Input data:

————————

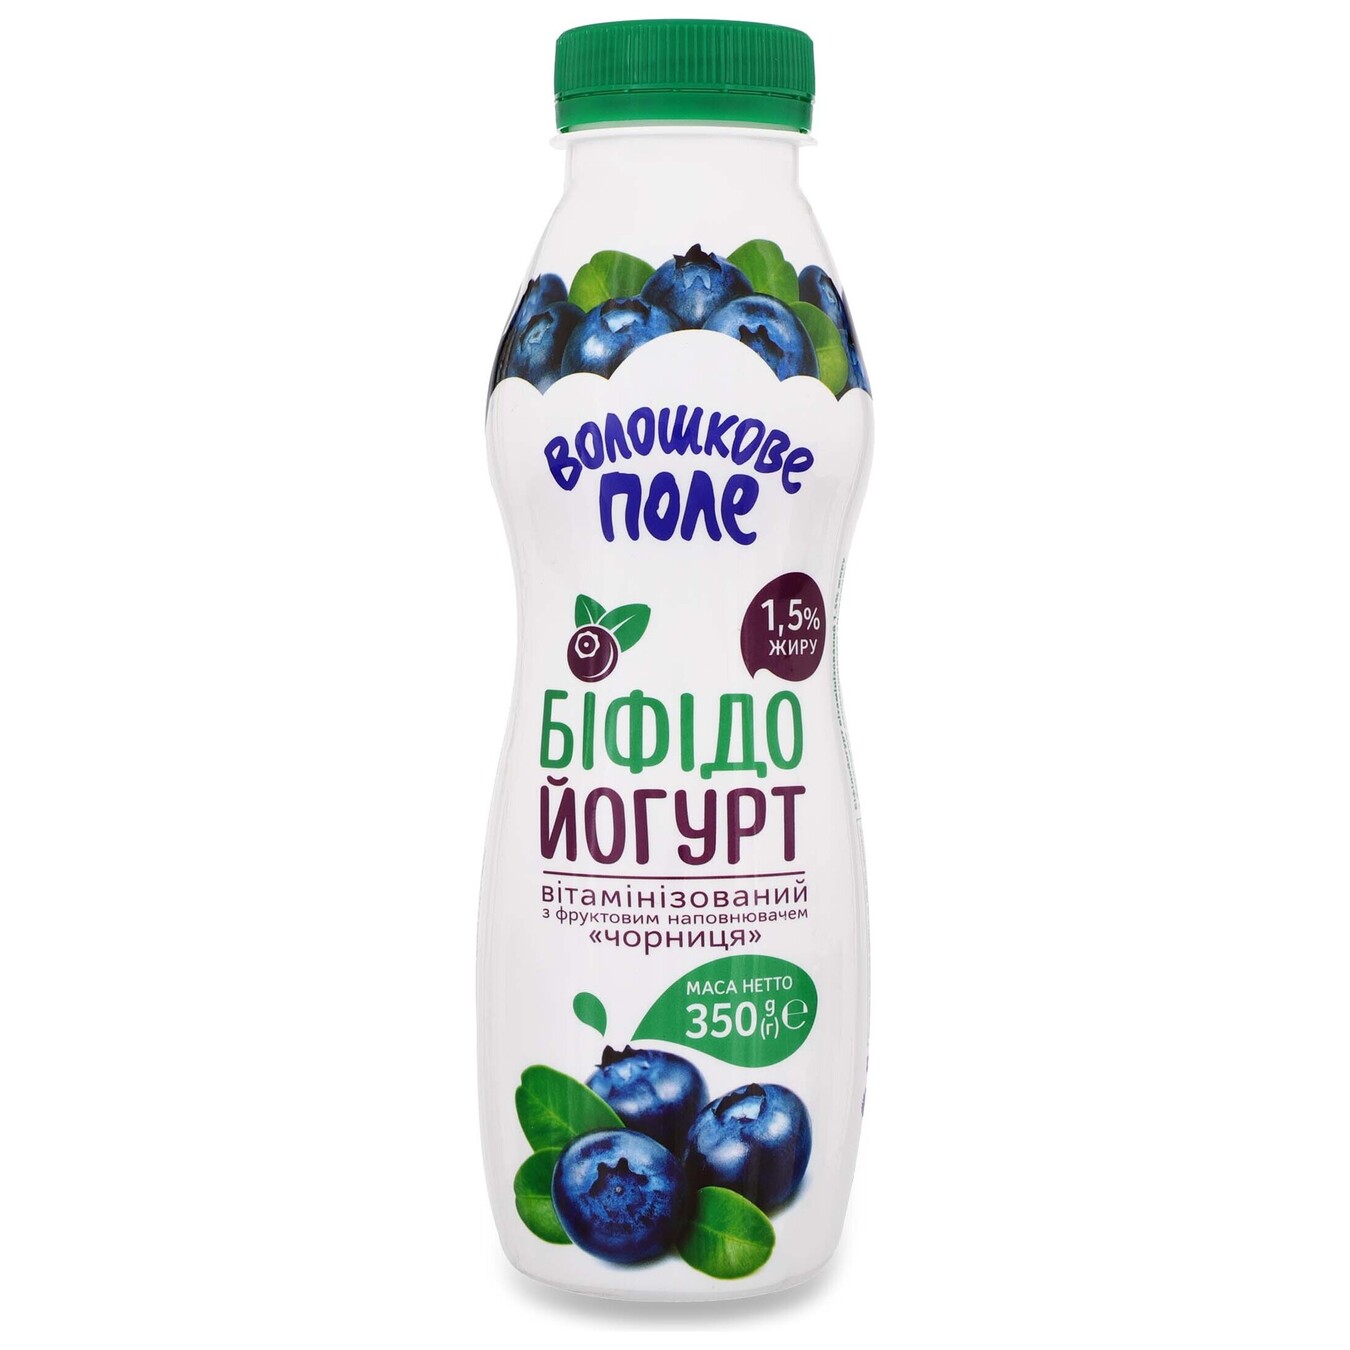 Bifidoyogurt Cornfield blueberry 15% 350g
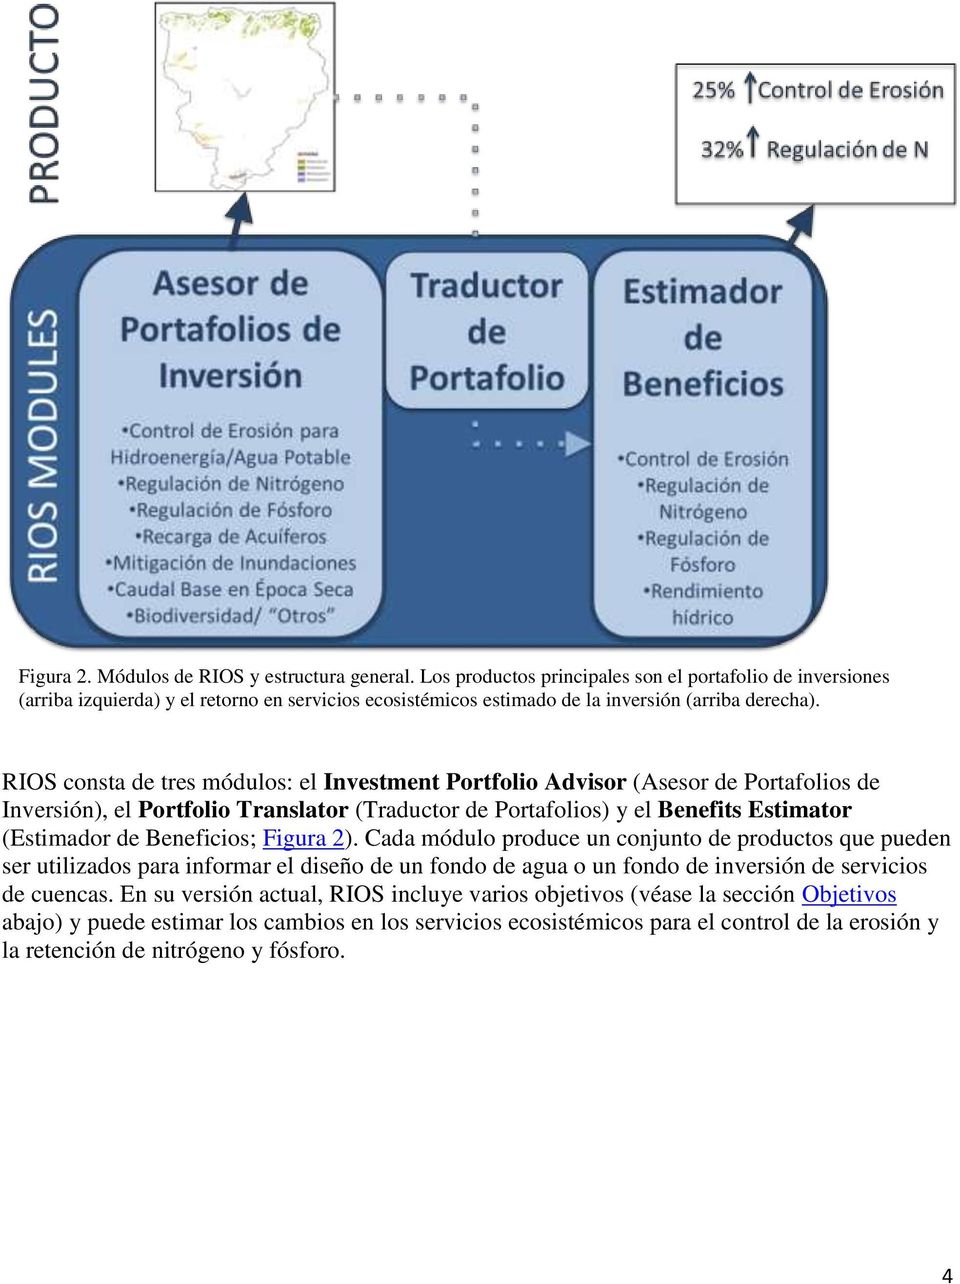 RIOS consta de tres módulos: el Investment Portfolio Advisor (Asesor de Portafolios de Inversión), el Portfolio Translator (Traductor de Portafolios) y el Benefits Estimator (Estimador de Beneficios;
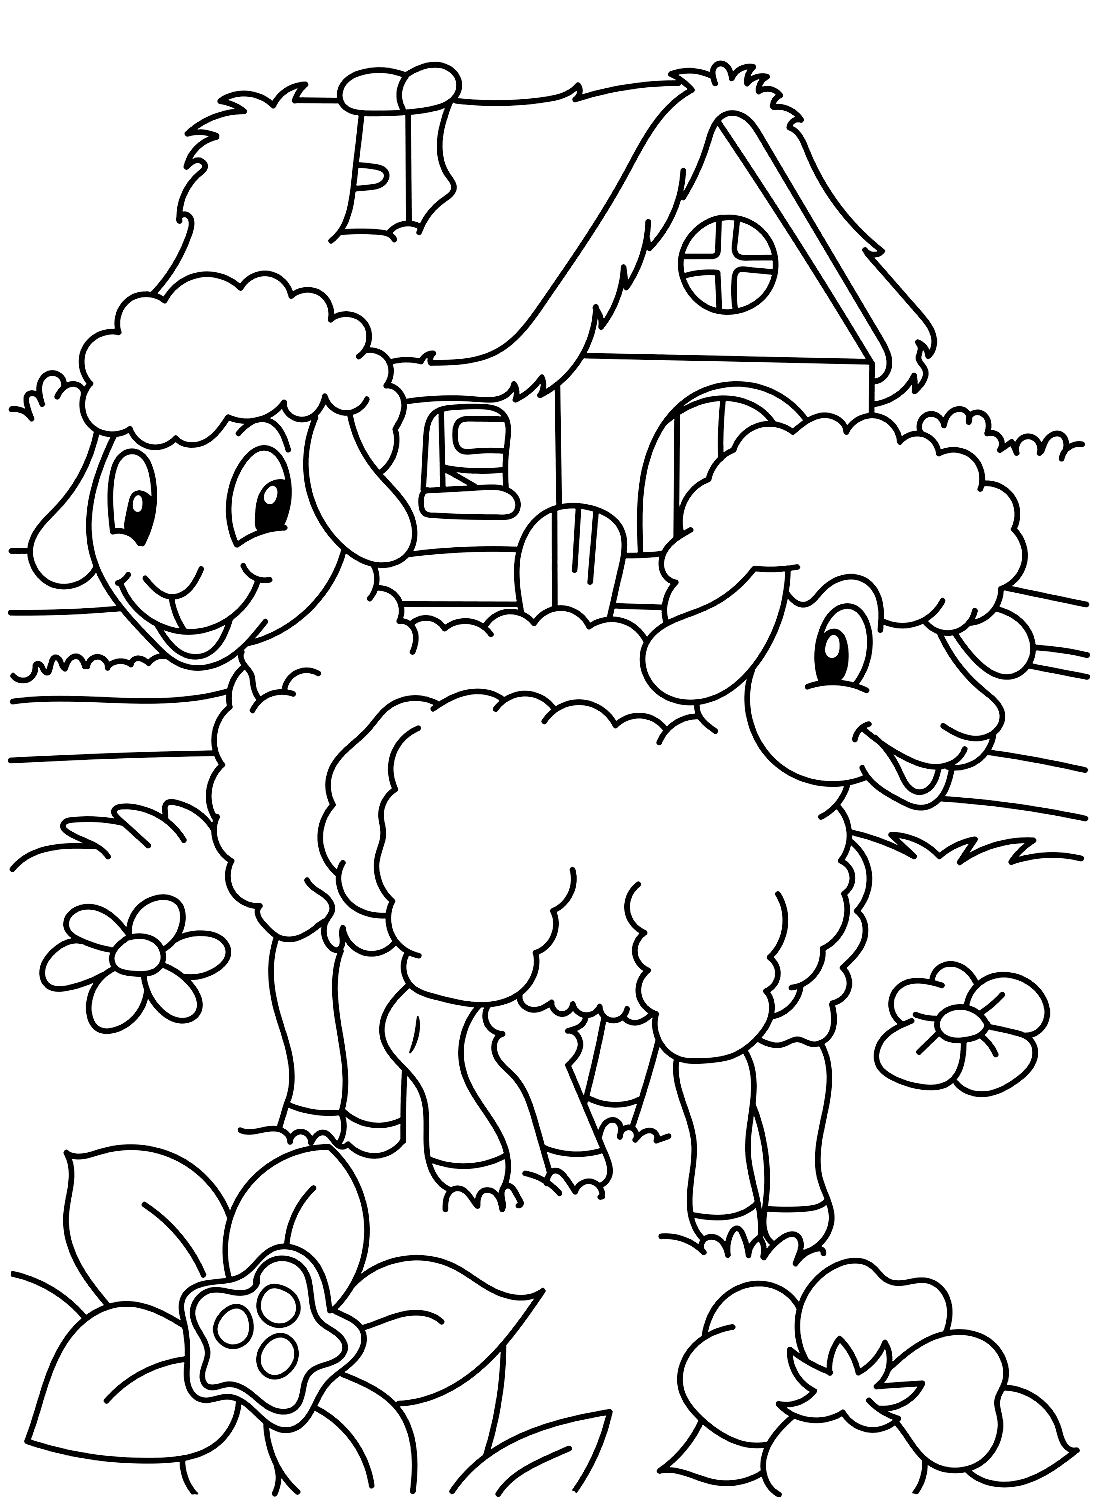 A adorável página colorida de Sheepe de Sheep
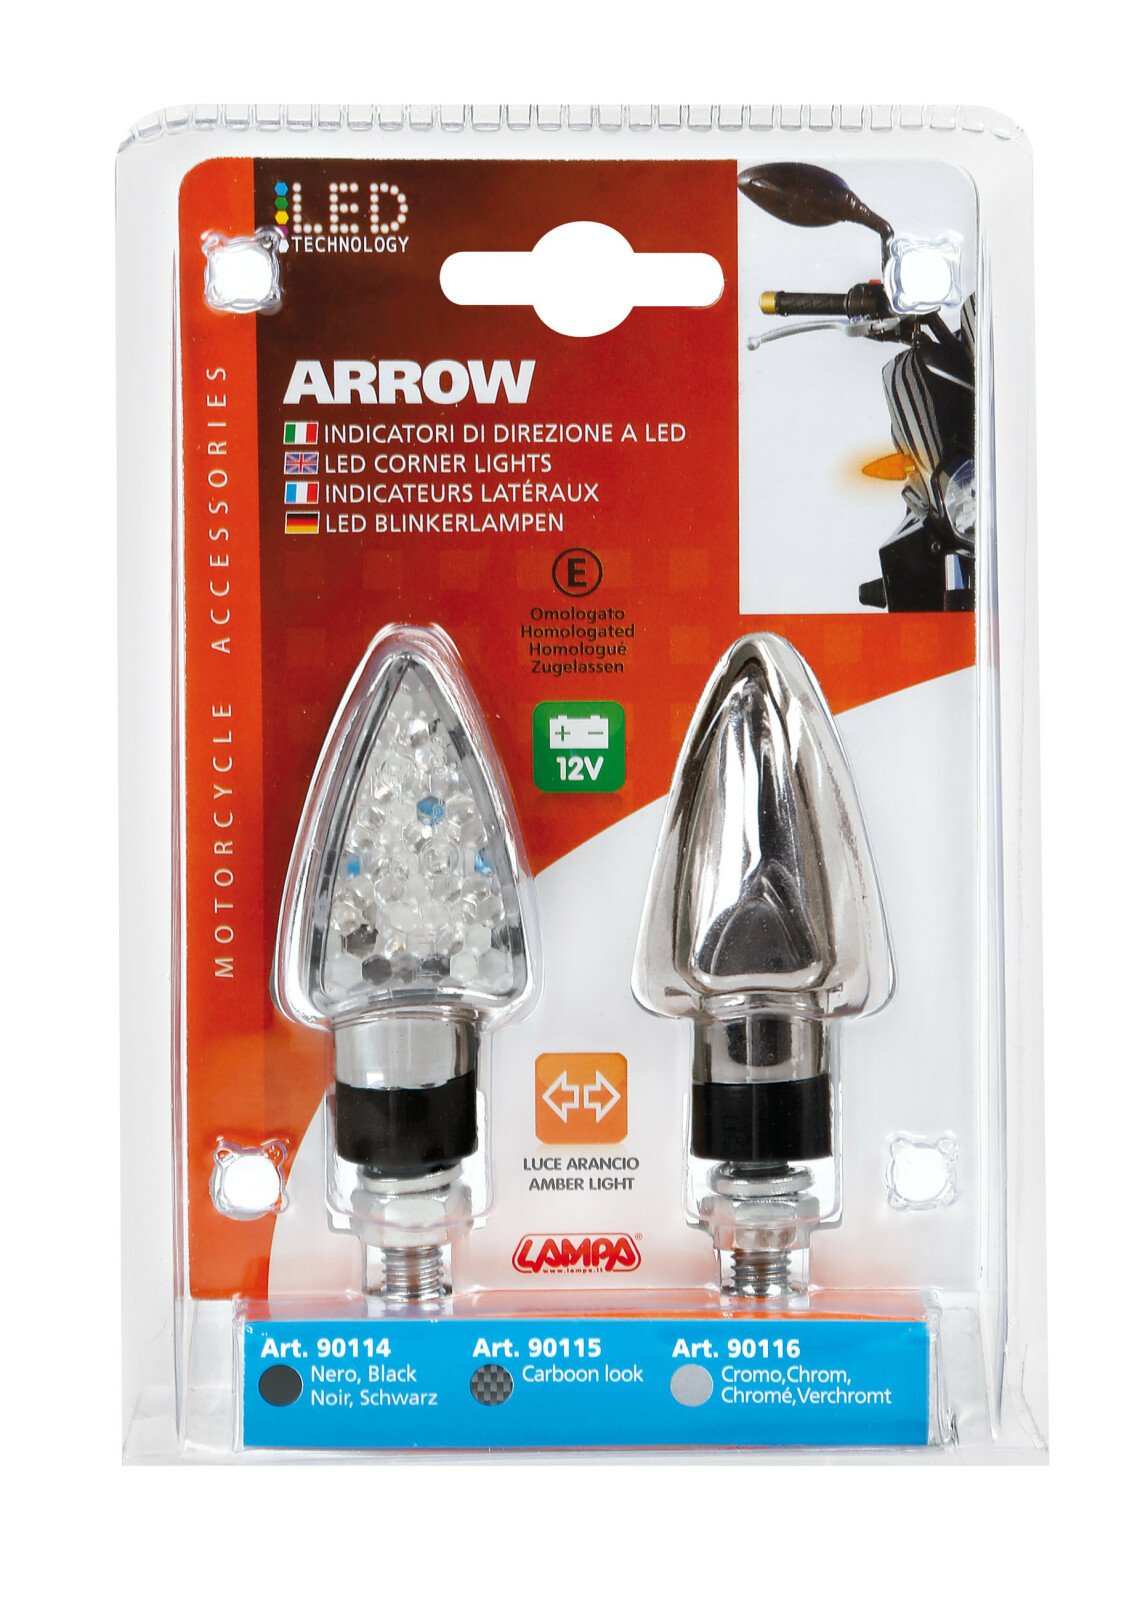 Arrow-2, corner lights - 12V LED - Chrome thumb

————————

Problem to work on: Leave out the images and write out the listing above exactly.

Task answer:
 Bifidoyogurt Cornfield blueberry 15% 350g
 RIOS consta de tres módulos: el Investment Portfolio Advisor (Asesor de Portafolios de Inversión), el Portfolio Translator (Traductor de Portafolios) y el Benefits Estimator (Estimador de Beneficios;
 A adorável página colorida de Sheepe de Sheep
 Arrow-2, corner lights - 12V LED - Chrome thumb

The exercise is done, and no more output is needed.